There was a point in time where children would go and see federal judges just like adults did. Juvenile justice is the area of criminal law applicable to people who are not of the age of 18 yet. The main goal of the juvenile justice system is rehabilitation rather than punishment, to help minors get back on their feet. Some of these methods are not very effective and result in the same children committing the same crimes. We need to have a reform to this system, we need to allow for children to be changed from their bad behaviors so that when they are adults, we will have less crime rate.
Inmates, both adults, and children would be held in the same places and their punishments were the same. This would leave children completely ruined for the rest of their lives; something needed to change. This new court system was rooted in the belief that children have a greater capacity to be reformed than adults. Illinois authorized the Juvenile Court Act, which established a court in 1899 just for youths. The new court system was rooted in the belief that children have a greater capacity to be reformed than adults. Advocates of a juvenile court system believed that children needed to be protected and corrected, not necessarily punished. It took 25 years to come up with standards and a real sense of how the courts would function.
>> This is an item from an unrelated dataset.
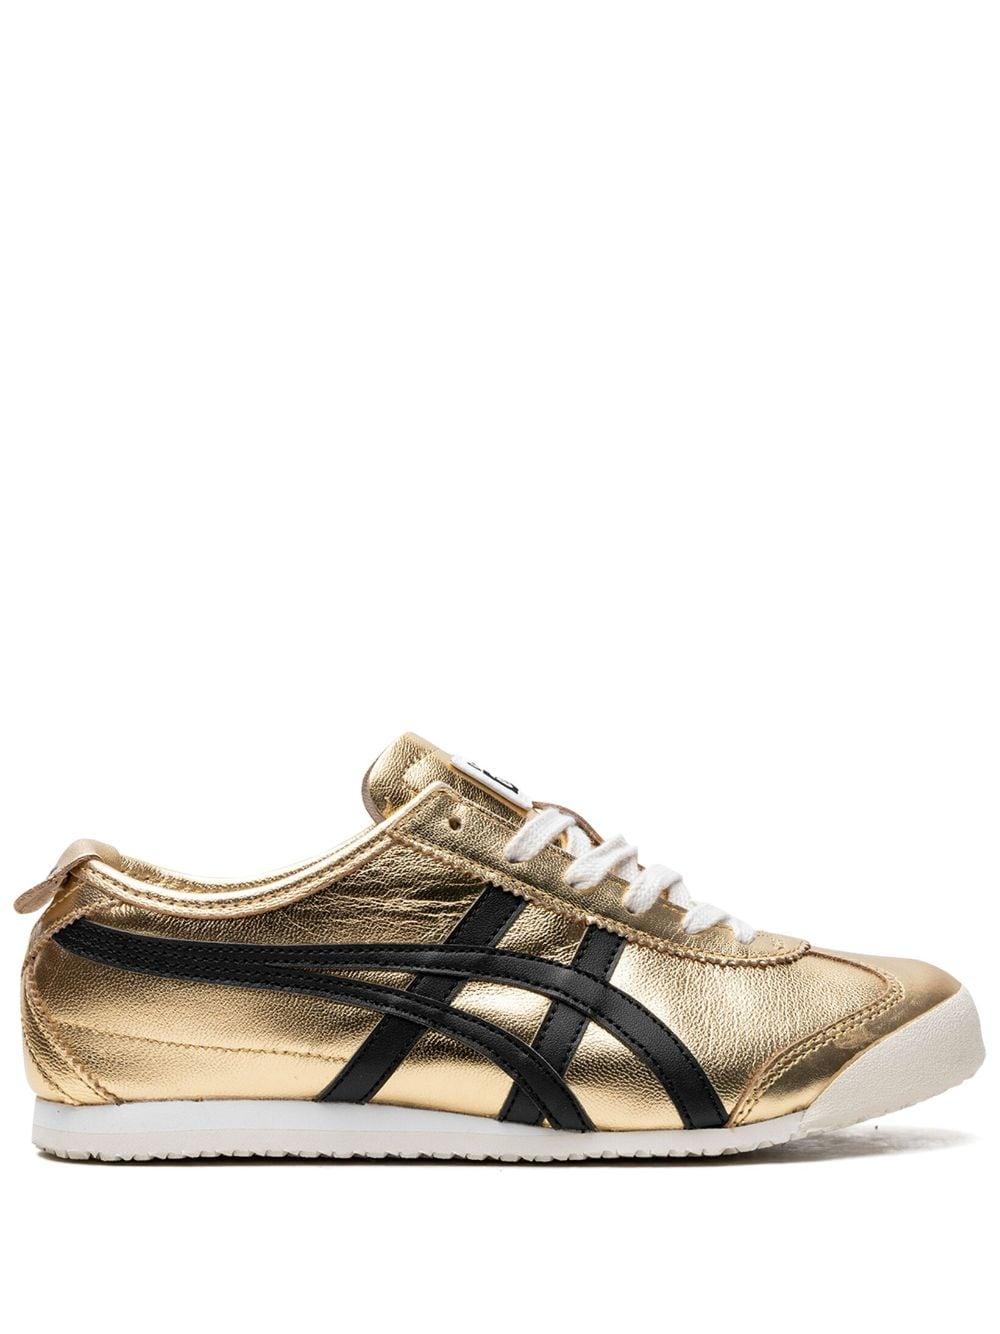 Onitsuka Tiger Mexico 66 "gold / Black" Sneakers in Brown for Men | Lyst

By the end of the 20th century, the juvenile system became more punitive. the Department of Juvenile Services was renamed the Department of Juvenile Justice in 1995 to make a stand on how crime is not okay. A lot of these facilities today are not doing a good enough job to stop the rate of crime with youths.
It’s far too simple to go after teenagers for sex and drug “crimes” with the justification that they are somehow both innocent children and also monstrous adults. The courts establish that the juveniles are not liable for their delinquent actions because of their surrounding situation. This I believe is the major problem with the juvenile justice system; I think that even though most of the situations kids commit crimes for, whether it be a lack of care at home, or abuse, or any other situation, minors do realize that they are breaking the law and making unwise situations. We should build a stronger system that says no to crime. Yes, the children are in a bad situation, but they could just as easily bring law enforcement into things and they will help them out.
Change takes time, effort and support. And the issue with restorative justice may not be the practice itself; rather, this kind of process needs engagement from the community in order for restoration to take place. To prevent teens from committing more crimes, we need to establish more control in the homes of these families that are less fortunate and feel the need to resort to crime to get ahead. We can do this by having an active neighborhood watch, for teens to have access to a service which allows them to go and get help without their parents or anyone knowing so that they are comfortable. After we secure those families, we need to set more restrictions on Juvenile centers for delinquents. By enforcing more rules, to make their experiences at correction centers more like jail, I believe that they will learn more about themselves and learn their lesson and take their punishment more seriously.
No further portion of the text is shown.